Cysts of the parasite, which inhabits small intestine and has a monoxenous life cycle, become infectious shortly after they are excreted with the faeces, surviving for months in aqueous environments, and a few oocysts can cause infection when contaminated water and food are taken orally. These aspects matter in epidemiologic characteristics of this zoonotic agent (1). Giardiasis is a common disease throughout the world, and 280 million people develop symptomatic Giardia infection annually, thus being considered a global endemic (1, 5). On the other hand, the prevalence of the parasite considerably differs in distinct populations and geographic regions. It was reported that this parasite annually infects around 200 million people in developing countries, especially in Asia, Africa and Latin America (7). However, incidence rates observed in developed countries ranges from 1-7% (5). For instance, 20-30% of humans are the transmitters in developing countries while annual giardiasis cases are around 1200-1500 in Sweden which is over a certain socioeconomic threshold (10).
This study aims to reveal the occurrence of giardiasis in Thrace, European part of Turkey, and its incidence, along with the establishment of assemblages of the causative agent G. duodenalis by providing descriptive characteristics of subgenotypes.
Materials and Methods
Single stool samples were collected from 573 of the patients who applied to Tekirdağ Central State Hospital during a one-year-period, 2009, based on gastrointestinal complaints, clinical examinations and macroscopic features of stool. Patients genders, ages, addresses and other information including clinical findings and other diseases, if any, were recorded. Samples were transferred into 15 ml clean plastic tubes, mixed with potassium dichromate solution to a final concentration of 2.5% and were stored at +4°C until examination within a month using native and floatation techniques.

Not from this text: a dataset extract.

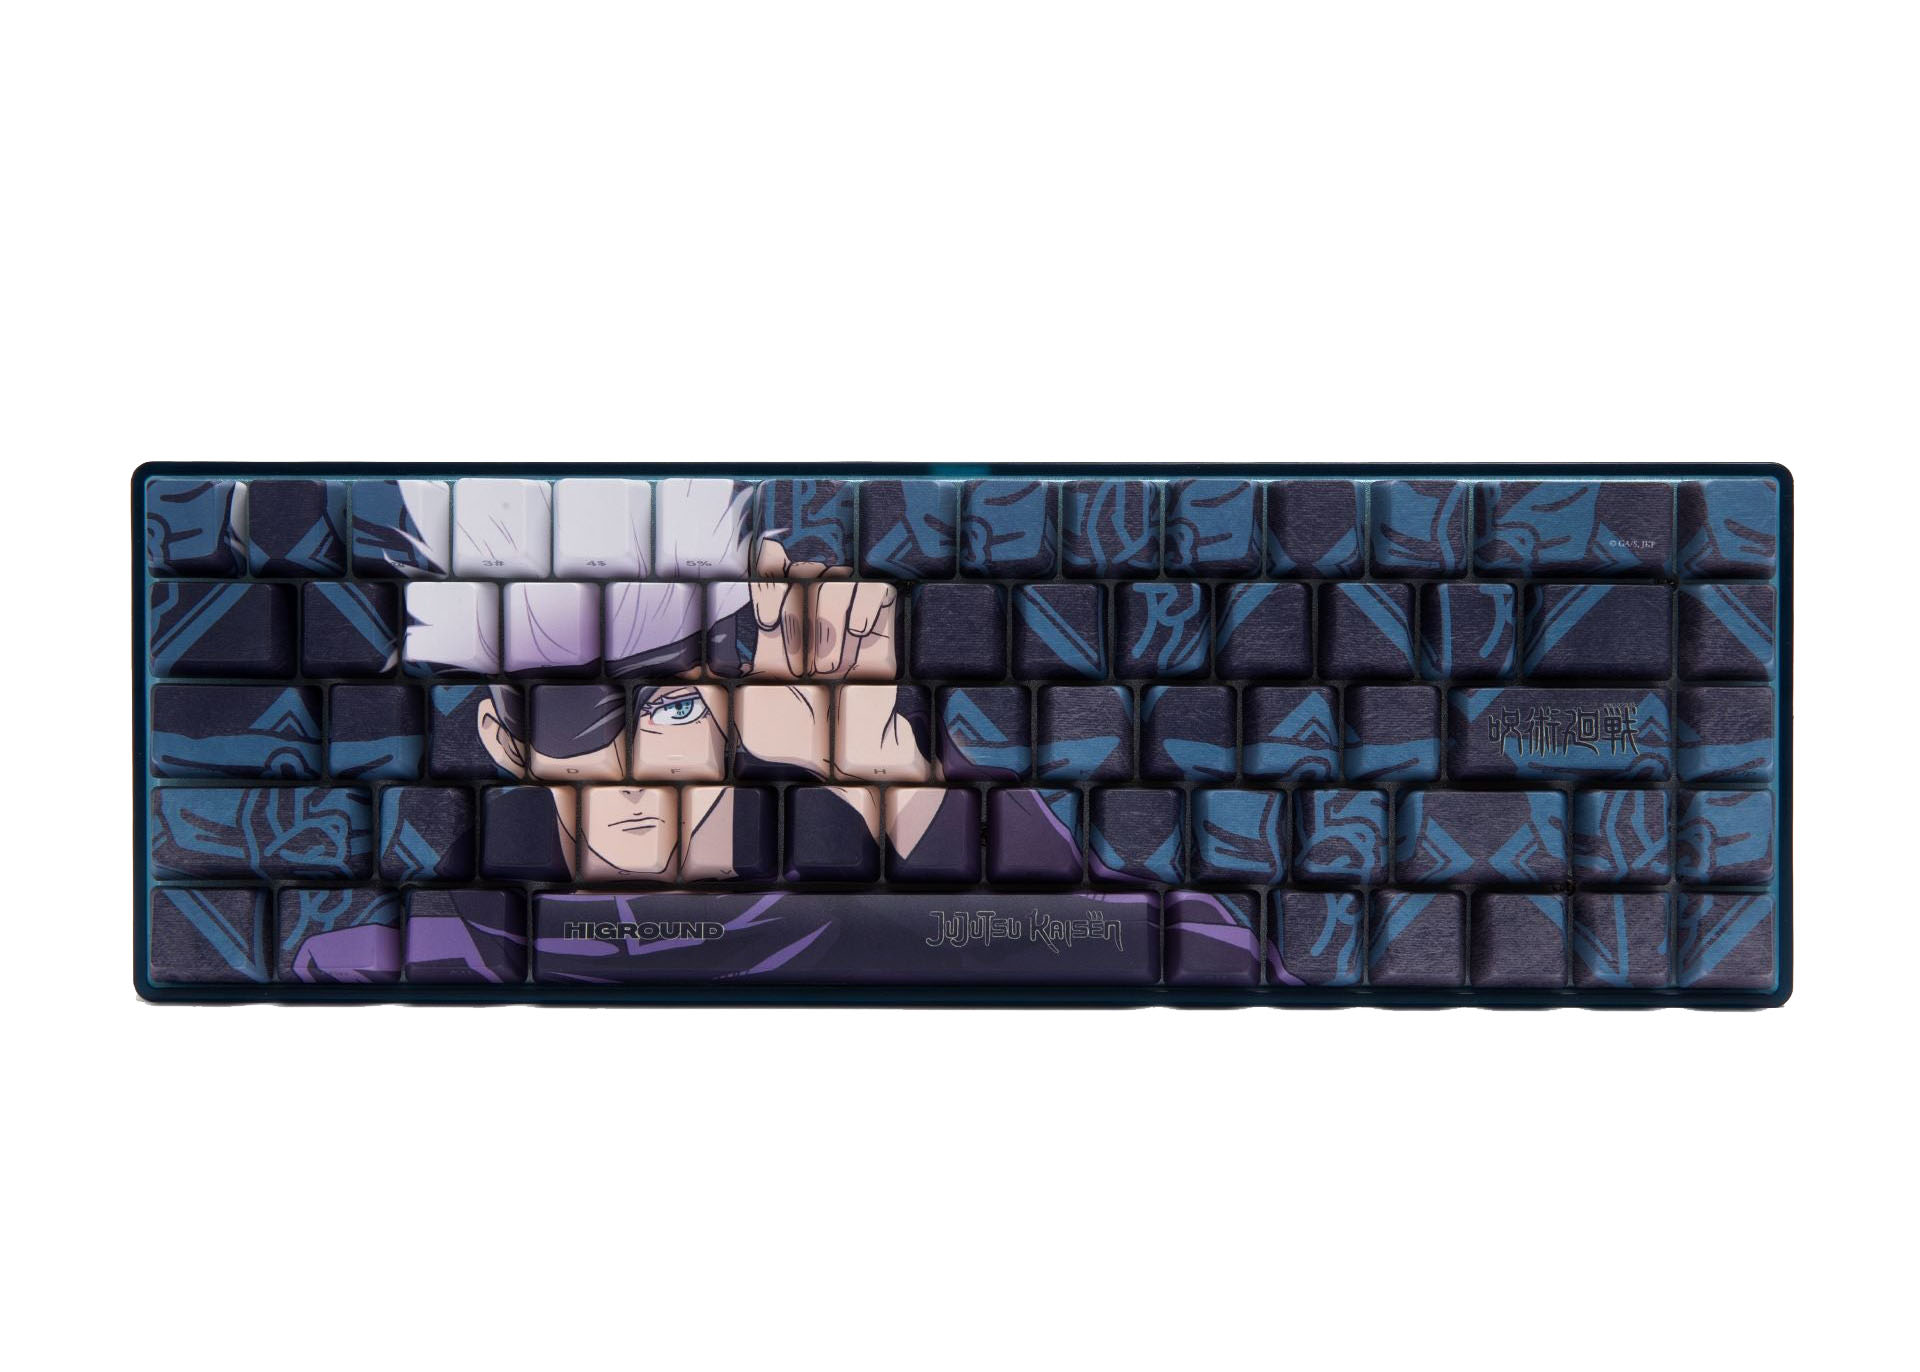 Custom Kurumi OEM Profile Anime Waifu Keycap Set For Mechanical Gaming  Keyboard | eBay

An ethics committee approval was not provided in this study because the regulation on clinical research entered into force on 19 August 2011 (Official Gazette number 28030) in Turkey, and ethics committees within the scope of this regulation began to be formed thereafter. However, informed consents of the patients were taken after explaining to them the details of our study.

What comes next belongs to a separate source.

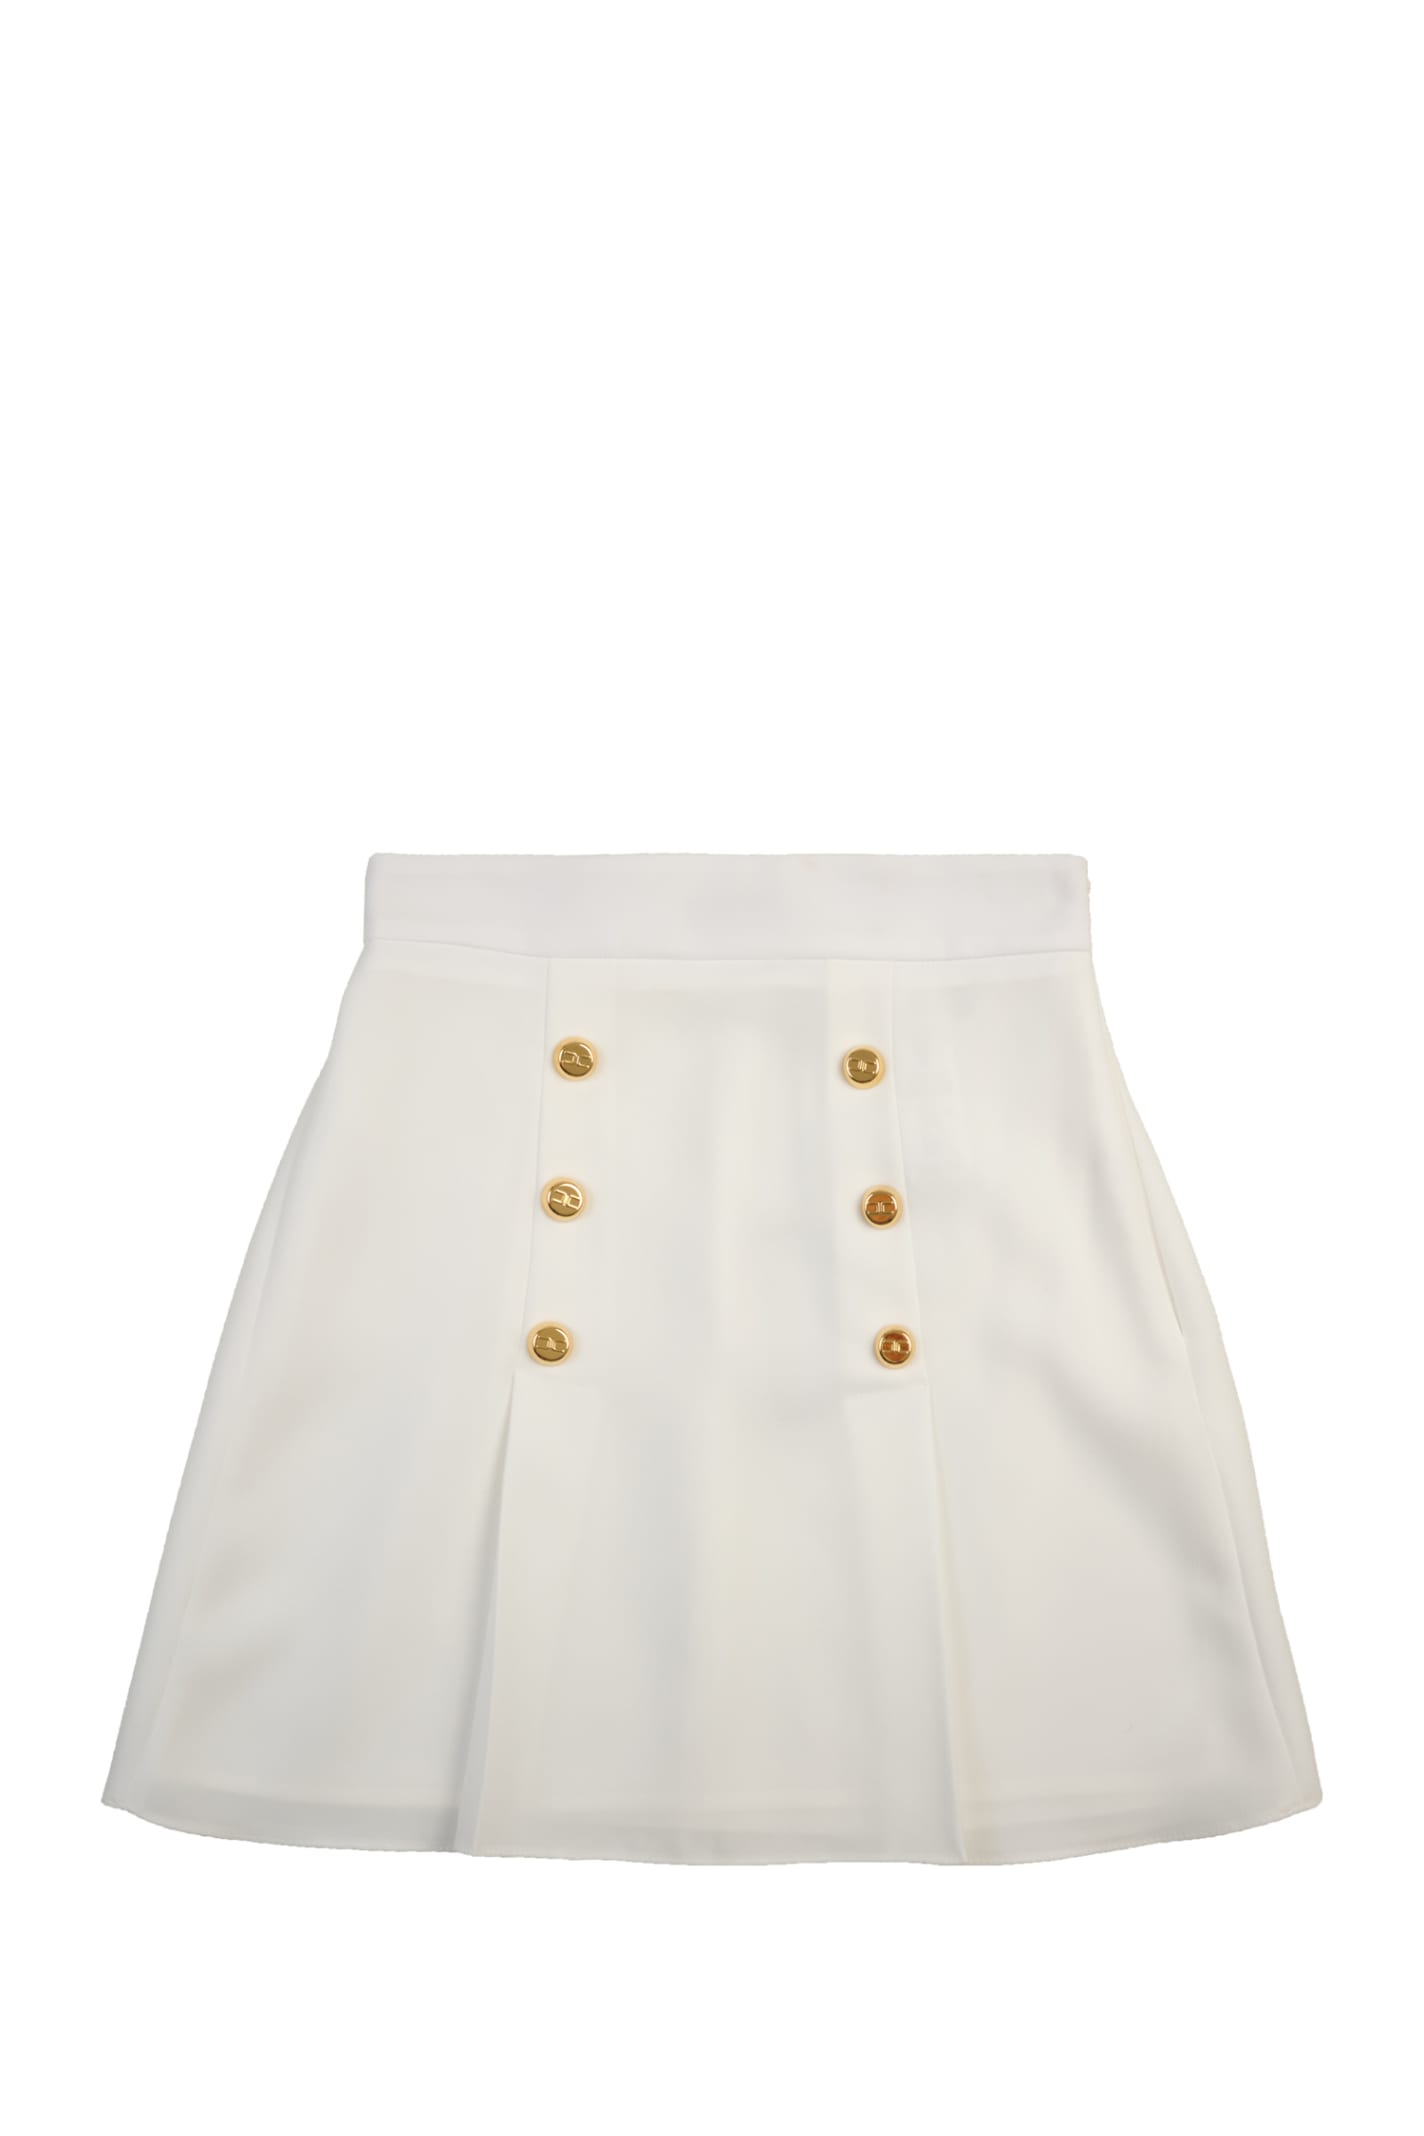 Elisabetta Franchi Short Skirt With Logoed Buttons

Wet-mount and zinc sulfate floatation techniques
Microscopic examination of a wet-mount with saline of fresh stools was performed at x10 and x40 magnification. Zinc sulfate (ZnSO4; 33%) floatation concentration technique (11) was also used to examine the stools. After the completion of the microscopic examination, the samples were stored at -20°C until DNA extraction.

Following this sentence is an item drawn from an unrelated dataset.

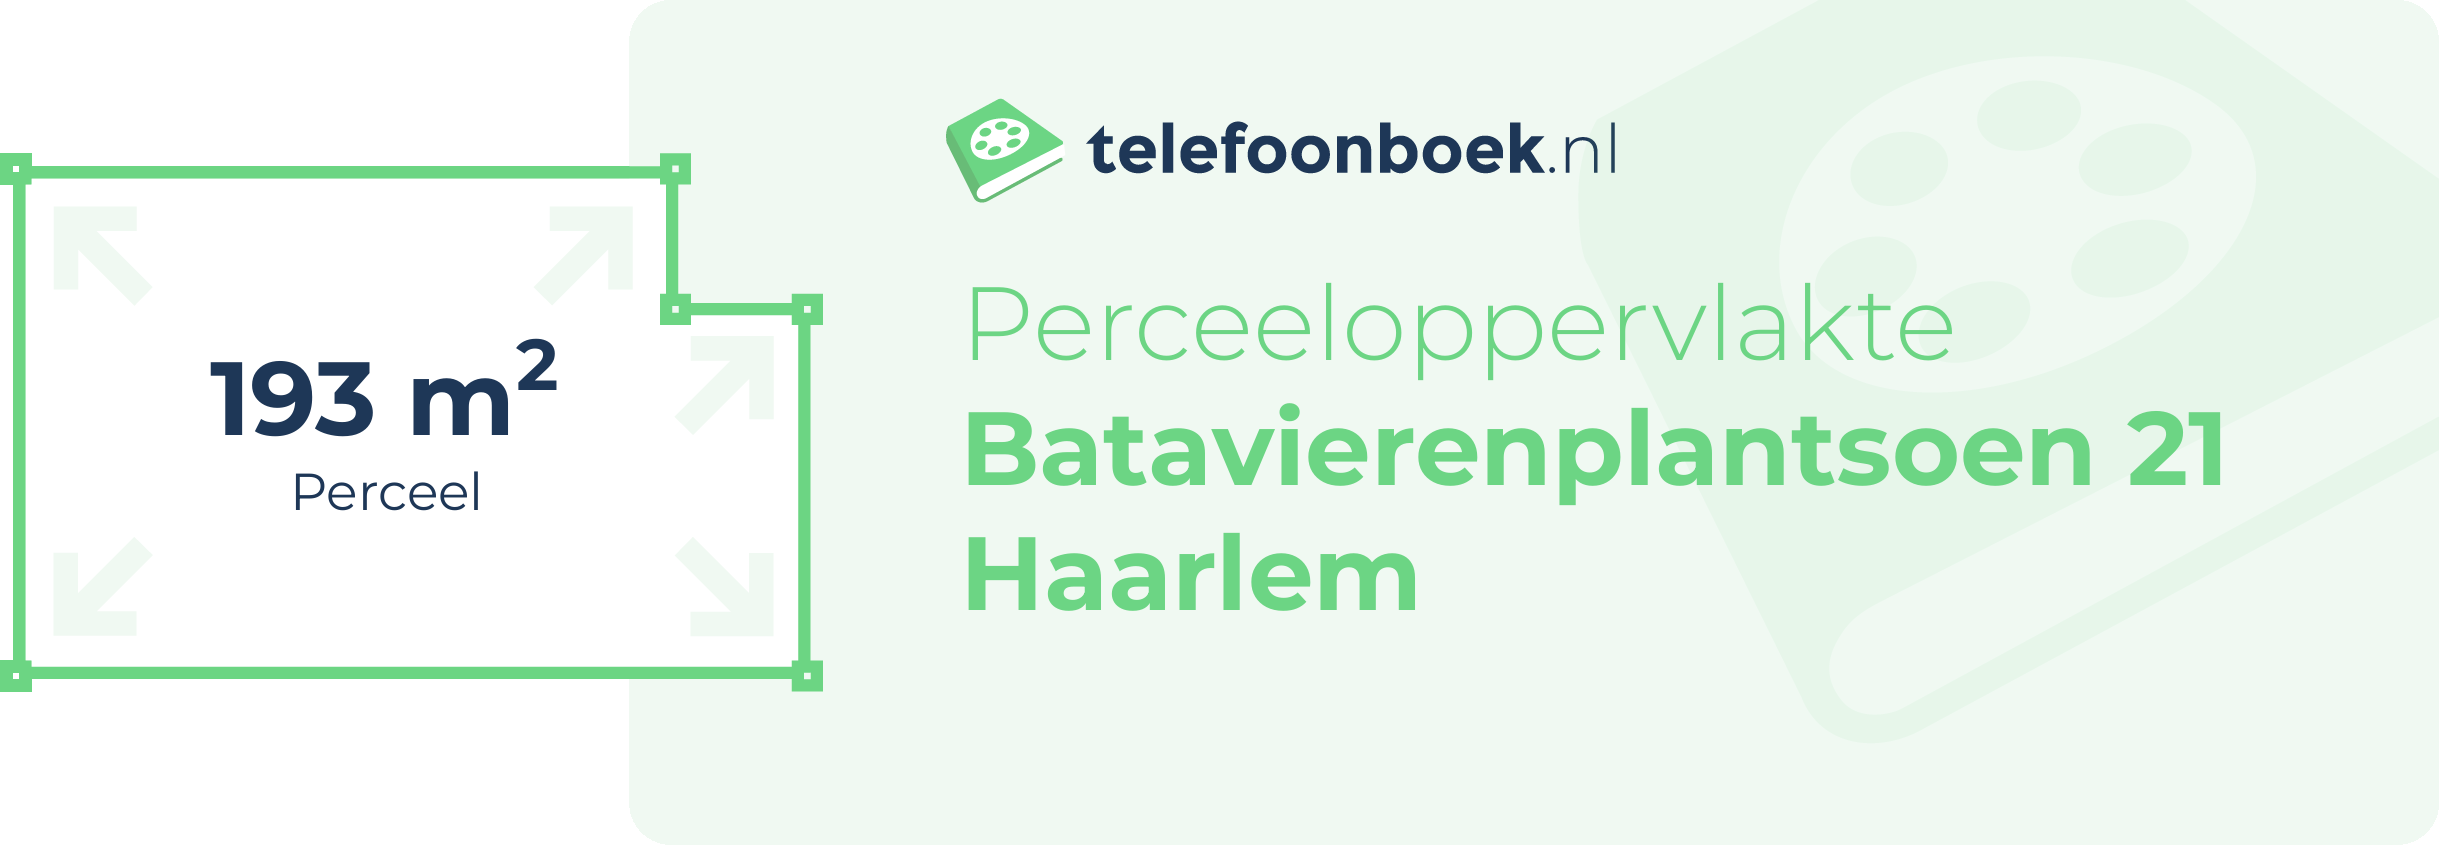 Perceeloppervlakte Batavierenplantsoen 21 Haarlem

DNA was extracted from a total of 90 stool samples including 26 samples which were positive by microscopic examination, and 64 samples which were suspected as giardiasis according to both stool morphology and clinical suspicion (12-14). QIAamp DNA Stool Mini Kit (Qiagen, Germany) was employed based on the manufacturer’s instructions. Extracted DNAs were stored at -20°C until use.
A 753 bp fragment of the β-giardin gene was amplified using the primers described by Cacciò et al. (15). PCR amplification was performed in a final volume of 25 µL containing 10 pmol each appropriate primer (G7 F5’-AAGCCCGACGACCTCACCCGCAGTGC-3’ forward and G759R 5’-GAGGCCGCCCTGGATCTTCGAGACGAC-3’ reverse), 200 µM of dNTPs, 1.5 mM MgCl2, 1U Taq polymerase and 10X reaction buffer (500 mMTris-HCl, pH 8.8, 160 mM (NH4)SO4 and 0.1% Tween®20) (MBI Fermantas, Lithuania) and 100 ng DNA. The PCR protocol consisted of an initial denaturation at 95ºC for 15 min, annealing at 60ºC for 30 sec and extension at 72ºC for 60 sec each, for 35 cycles, with a final 7 min extension at 72ºC. PCR products of 753bp were obtained and separated on a 2% agarose gel, stained with ethidium bromide and visualized with UV transillumination. Nested amplification was performed in a final volume of 25 µL containing 10 pmol each appropriate primer (BG1F 5’-GAACGAGATCGAGGTCCG-3’ forward and BG2R 5’-CTCGACGAGTTCGTGTT-3’ reverse), 200 µM of dNTPs, 1.5 mM MgCl2, 1U Taq polymerase and 10X reaction buffer (500 mMTris-HCl, pH 8.8, 160 mM (NH4)SO4 and 0.1% Tween®20) (MBI Fermantas, Lithuania) and 100 ng DNA. The thermal cycling was carried out in a TC-Plus Thermocycler (Techne, Cambridge, UK) under the following conditions, initial denaturation at 95ºC for 15 min, 35 cycles at 95ºC for 30 sec annealing at 55ºC for 30 sec and extension at 72ºC for 60 sec followed by a final 7 min extension at 72ºC. PCR products of 511 bp were obtained and separated on a 2% agarose gel, stained with ethidium bromide and visualized with UV transillumination (16).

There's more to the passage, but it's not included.